Published 03rd Oct 2011

A 1.4 billion pound deal between Royal Bank of Scotland (RBS.L) and Blackstone (BX.N) to rid the bank of some of its troubled property loans may fail, robbing the industry of a template for similar transactions, three sources said.

The deal, code named Project Isobel, required debt funding from third parties of about 60 percent and was part of a move by RBS to reduce its estimated 80 billion pounds property exposure, after its government bailout during the credit crisis.

"There are talks to try and save the deal with RBS providing the debt funding themselves.
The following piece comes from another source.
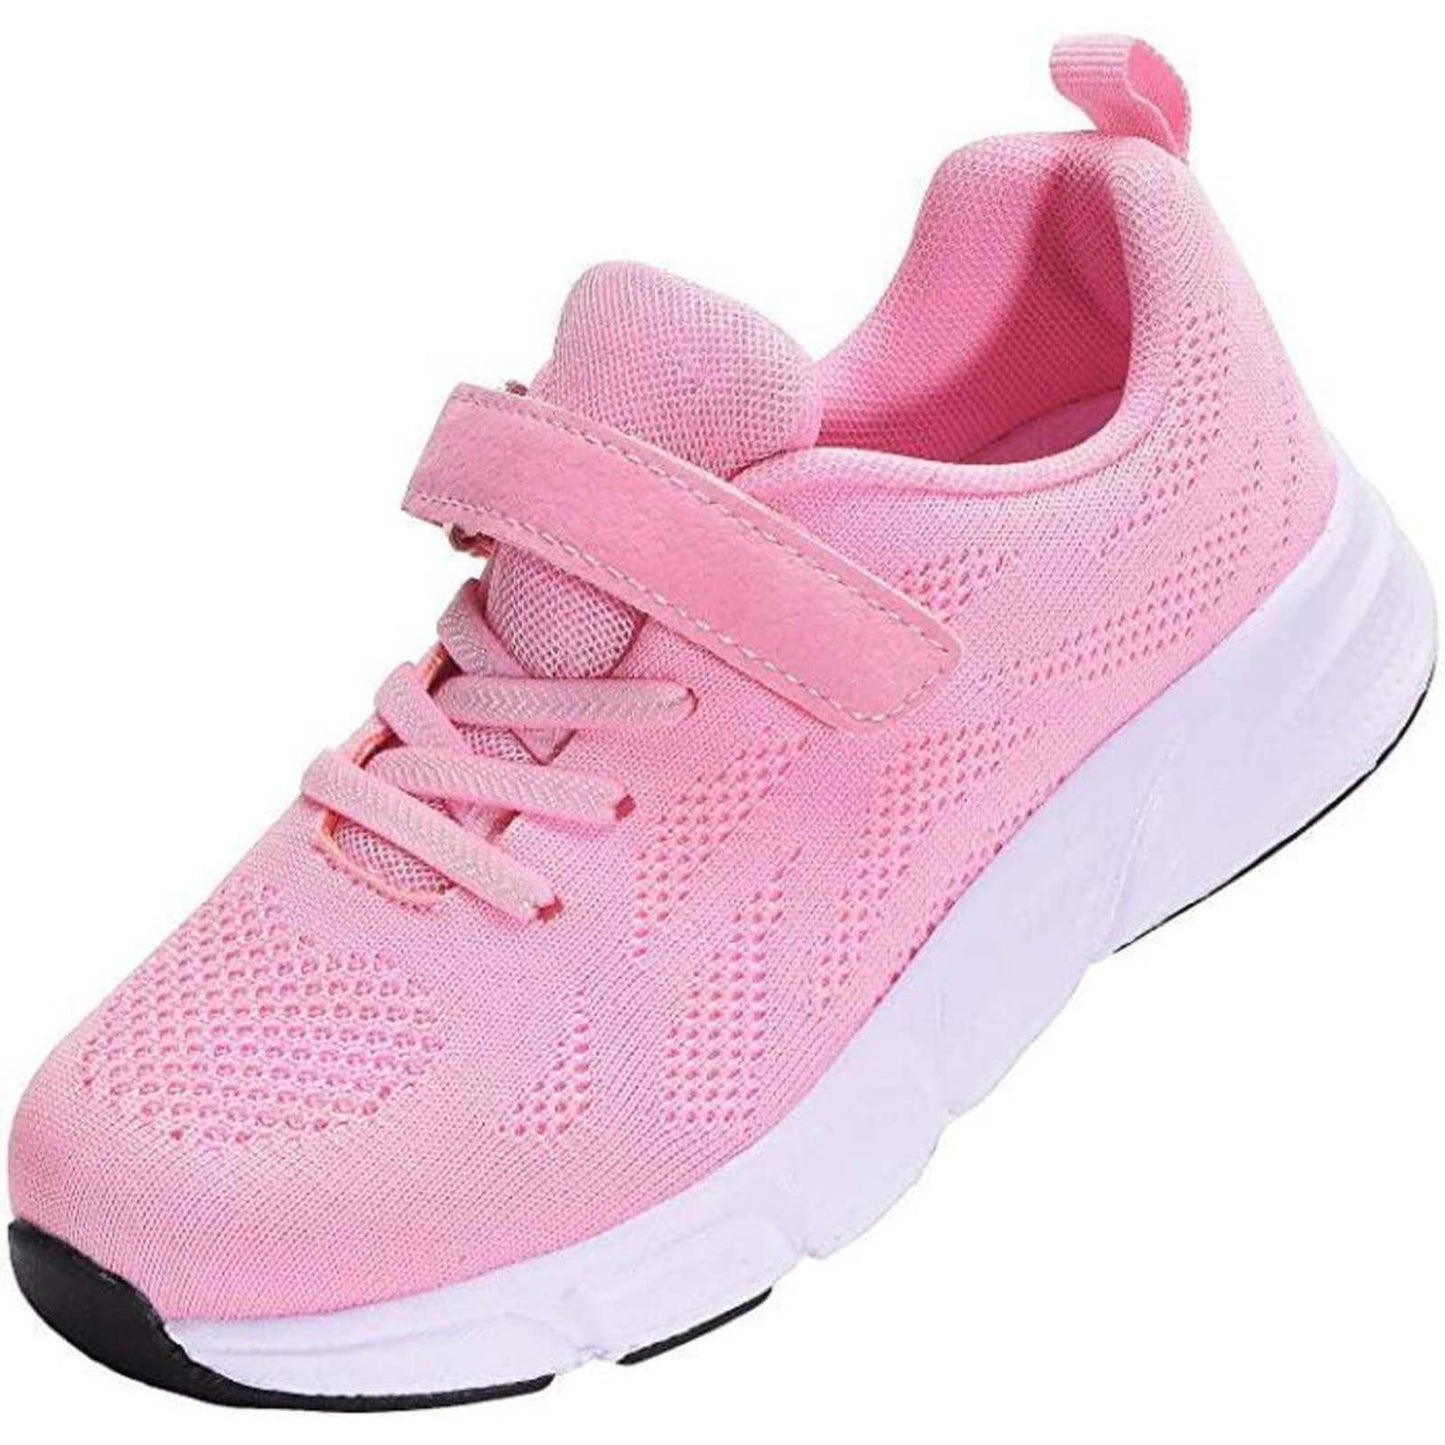 KVbabby Trainers children's sports shoes breathable trainers EU 30 / 12 US

They should know in the next few days whether they can do that and are hopeful a deal can be done despite some entrenched and emotional positions," one source familiar with the matter told Reuters.

Blackstone was unable to arrange debt funding from banks including Goldman Sachs (GS.N), Citi (C.N) and HSBC (HSBA.L) for the deal on terms that would make it attractive, the source said.
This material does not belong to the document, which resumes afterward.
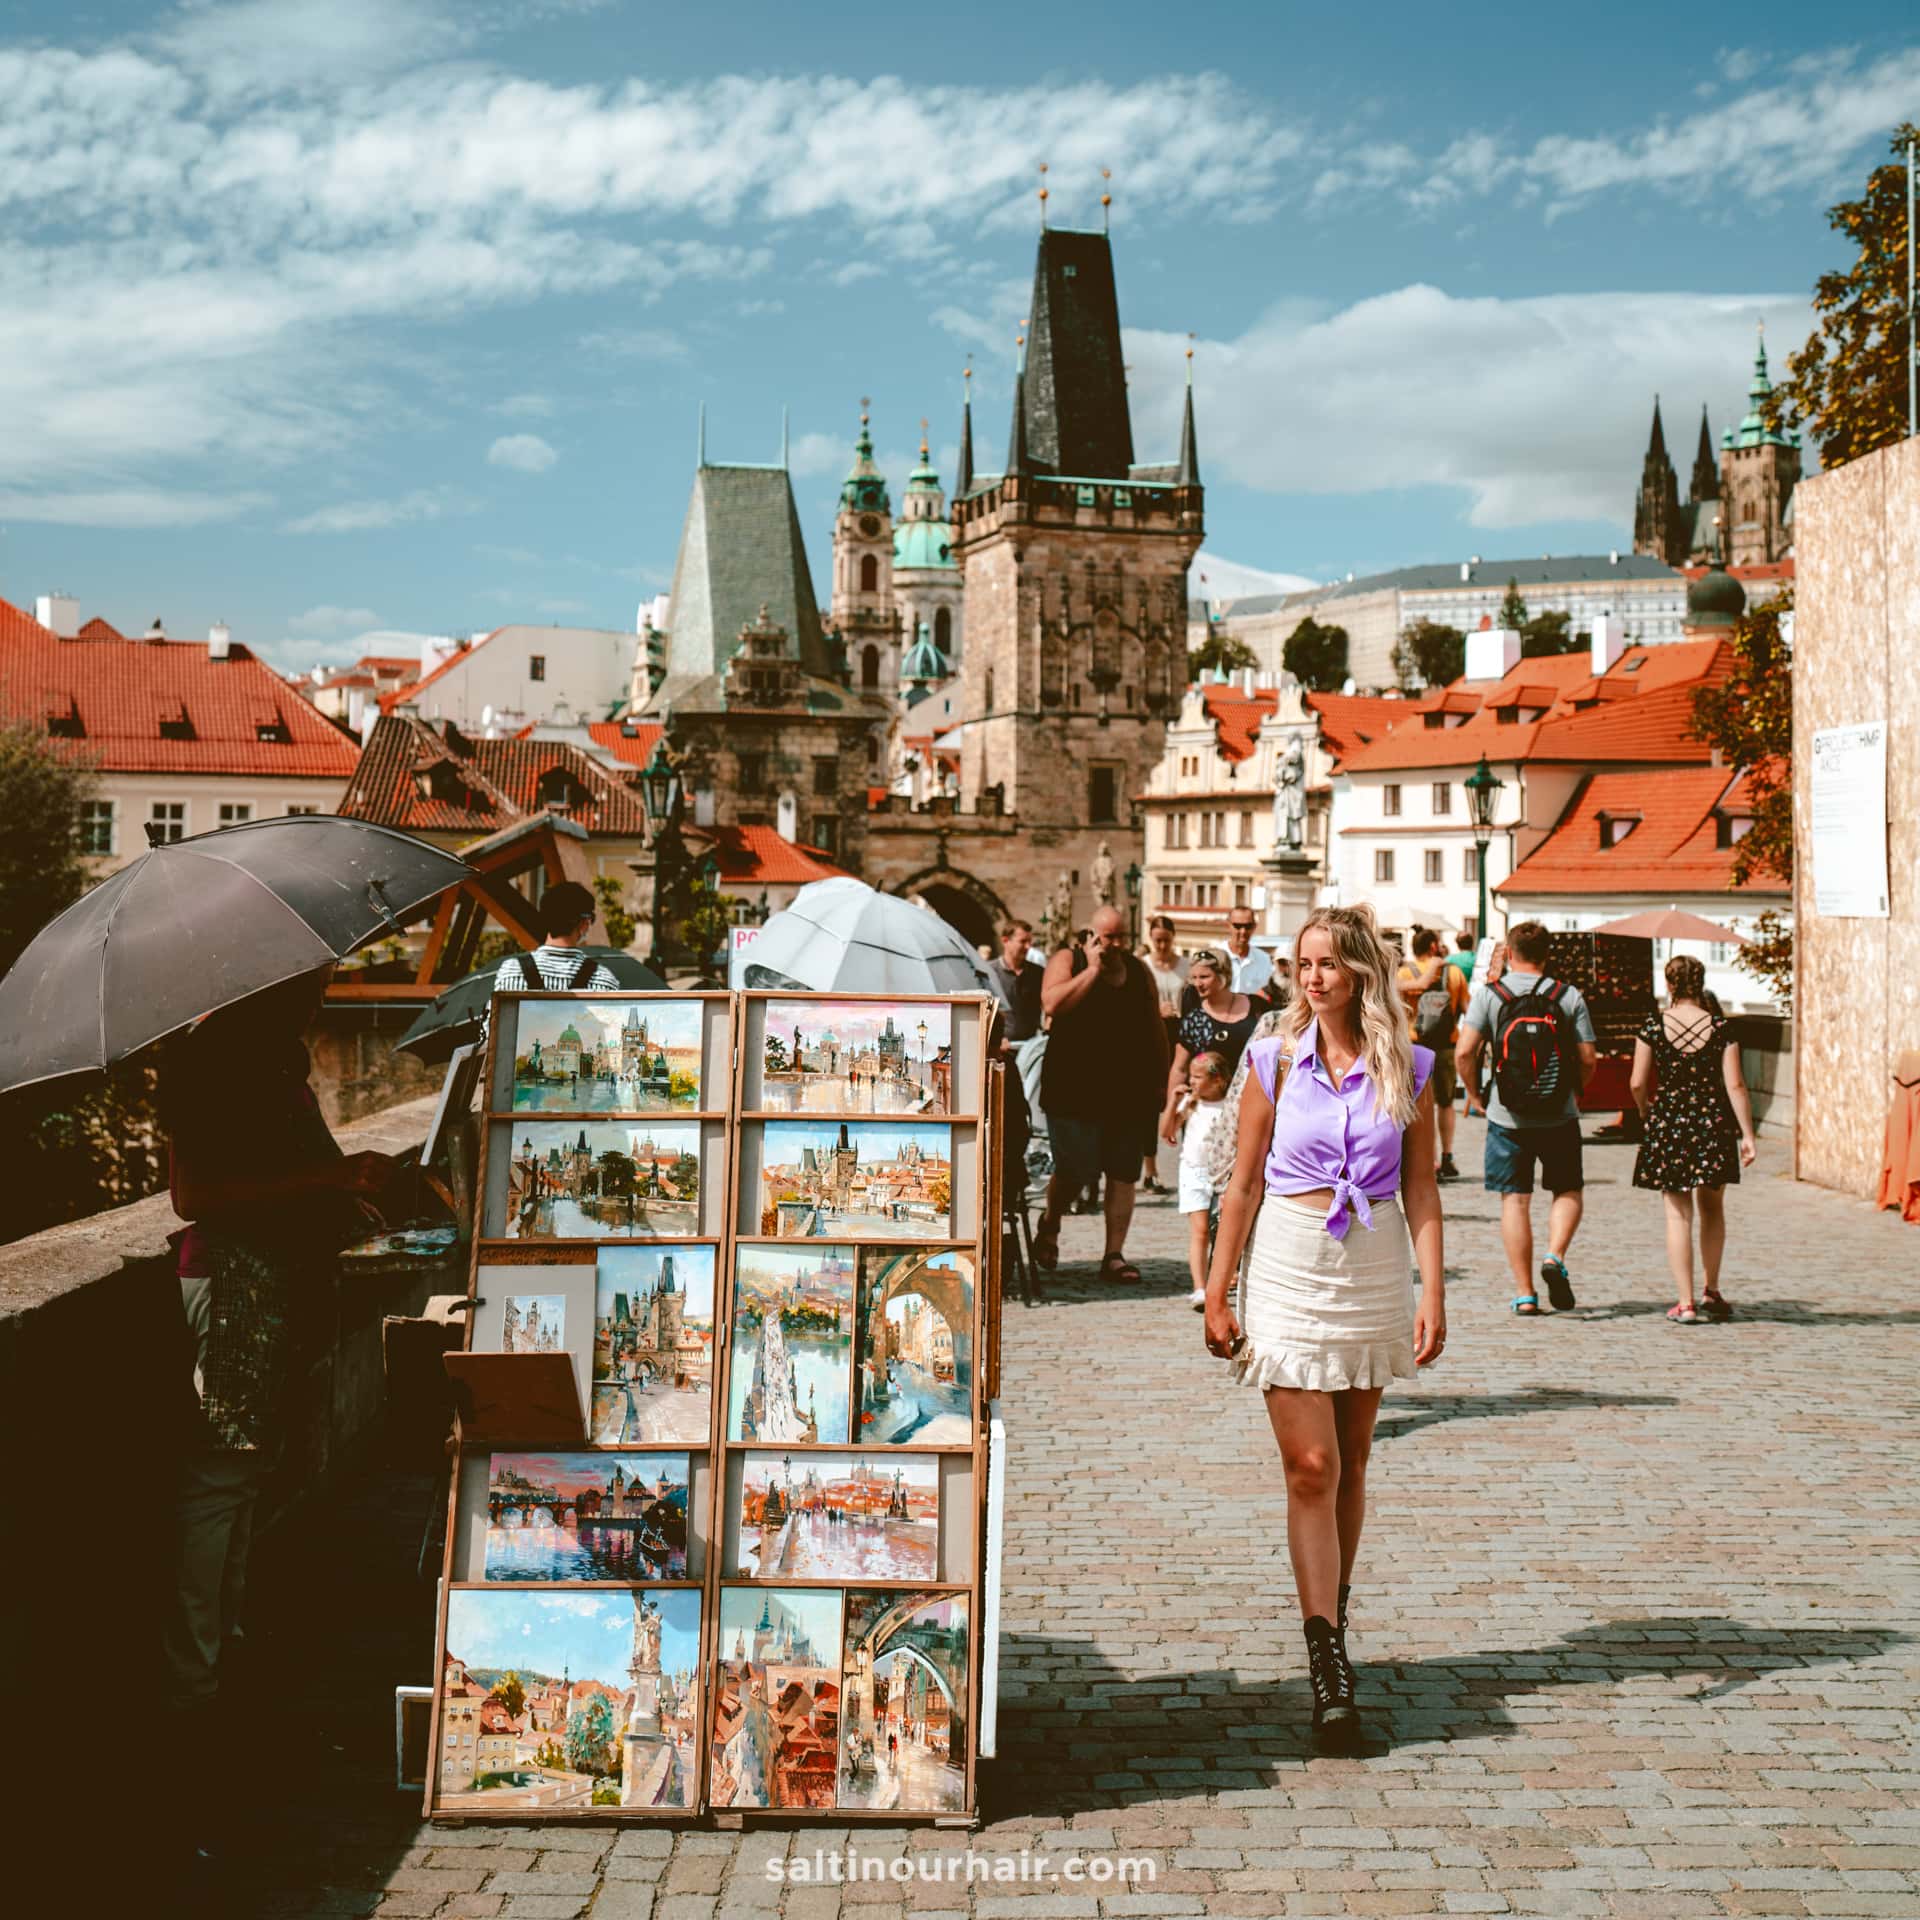 12 Things To Do in Prague (2023 Travel Guide) · Salt in our Hair

"This deal has blown up because they (Blackstone) couldn't line up the debt given everything that is going on with the global economy at the moment," a second source told Reuters.

A third source at a bank that declined to provide debt for Project Isobel said: "We were not interested in financing this type of loan portfolio deal ... Right now the property industry needs to brace itself for more surprises."

RBS and Blackstone had agreed to put the loans into a jointly owned vehicle. RBS had planned to hold a 75 percent equity stake in the new structure, which it would sell down over time. U.S. private equity giant Blackstone was to buy a 25 percent share and manage the properties.

The underlying assets, which number about 30, were deemed riskier to the bank because they were outside so-called prime locations and have higher loan-to-value ratios, a calculation that measures debt held over a property against its value.

RBS and Blackstone declined to comment.

The collapse could be a major blow for other property lenders who have recently stepped up their efforts to offload property assets after sharp falls in value that followed the credit crisis.

Project Isobel was widely seen within the banking and property industries as a template for other banks to offload unwanted property assets.

Lloyds Banking Group (LLOY.L) appointed JPMorgan (JPM.N) to sell property loans with a face value of about 1 billion pounds this month. Bundesbank is eying the disposal of 4 billion euros (3.4 billion pounds) worth of Lehman Brothers derived property loans, UK trade magazine Property Week said.

Ireland's National Management Agency (NAMA) said it would appoint advisors to speed up the disposal of assets and loans on Thursday. State-run NAMA spent 30.5 billion euros acquiring loans with a nominal value of 72 billion euros and had only sold 3.3 billion euros worth of properties by June.

Meanwhile, Spanish bank Santander (SAN.MC) has put eight billion euros worth of property on the market, PropertyEU said on its website last week.